On the actual day, you might also consider opening your doors earlier than other businesses, but if you’re cutting your employee’s family-time, you might not want to do that.
3.) Don’t Stop Promoting!
This doesn’t mean you have to inundate your social media followers and mailing list with Black Friday reminders. That would be a good way to lose followers. Your Black Friday promotions have to be fairly regular, yet not intrusive enough to annoy your market.
“But that’s just like every other promotion!” you might be saying. Yes and no. Yes, you’d want to go with basic “inbound marketing” principles most of the time – especially if you run a small business.
While your customers might be aware of you and your services, they probably won’t be aware of your Black Friday offers the first time you execute your promotions. This means you have to apply steady, calculated efforts to inform both old and new customers.

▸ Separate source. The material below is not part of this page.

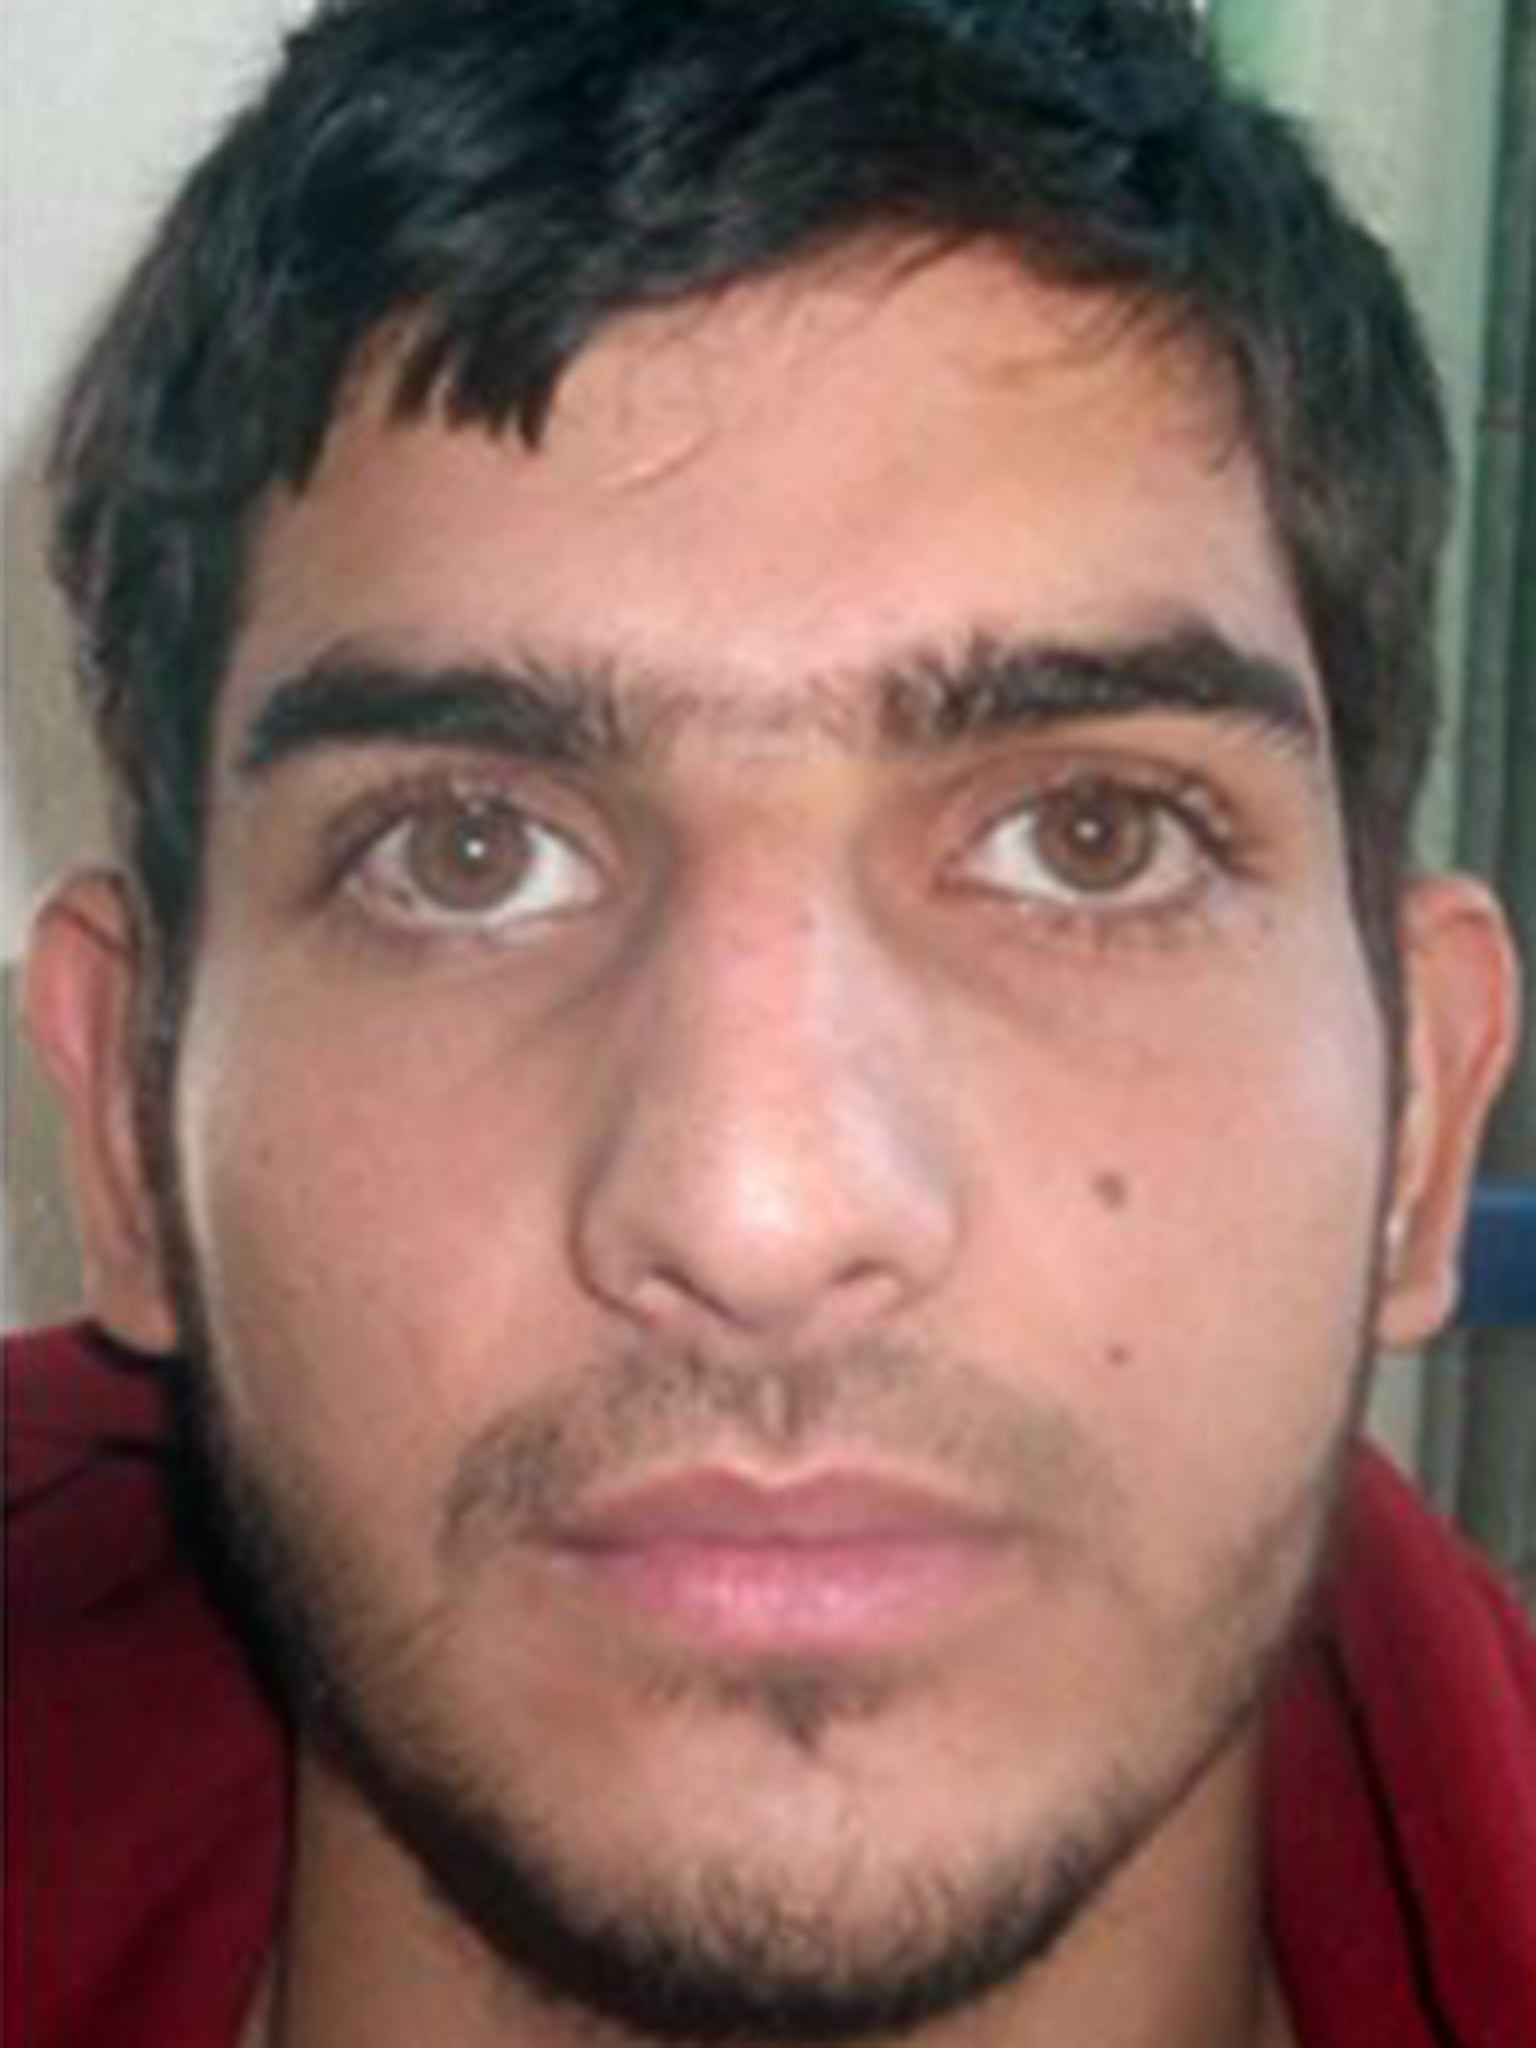 The second of the unidentified men believed to have been involved in the Paris attacks

Who would you want to appeal to? You decide.
2.) Mix Traditional and Online Promotions.
There is almost no business that couldn’t do better without an online presence. Even a Facebook Page works to begin with. Following the basic sales funnel principle, a business webpage and online promotions can give your funnel a very wide mouth and while traditional promotions help you establish some semblance of “realness” and is especially important if you’re targeting a specific locality. Even Google prints banners and has business cards after all.
1.) Check Your Sales Process
If your business has has an actual physical location, and you expect crowds (not uncommon if you decide to set up shop in a shopping center, or participate in a fair or convention), make sure that the way you present and sell goods doesn’t cause any bottlenecks that can delay decision times and cause customers to be dissatisfied.
Your promotions have to be straightforward and easy to understand. If you confuse customers you may very well end up damaging your own brand.
Here’s a more detailed look at the basic principles behind sales processes and reducing decision times.
What other Black Friday promotions ideas for small business would you like to share?
You might enjoy our Basic Marketing Concepts series!
The Marketing Mix: The 4 P’s of Marketing
Customer Relationship Management
Demand Generation
The Sales Process
The Purchase Funnel
Sources and Additional Reading
- Comparison of U.S. online revenue on Thanksgiving and Black Friday. ComScore.
- Neil Irwin (Nov. 23, 2012). “Black Friday is a bunch of meaningless hype, in one chart”.Washington Post.
- Paul H. Selden (1997). Sales Process Engineering: A Personal Workshop. Milwaukee, WI: ASQ Quality Press. p. 23. ISBN 0-87389-418-9.
- William H. McNeese and Robert A. Klein (1991). Statistical Methods For The Process Industries. Milwaukee, WI: ASQC Quality Press. ISBN 0-8247-8524-X.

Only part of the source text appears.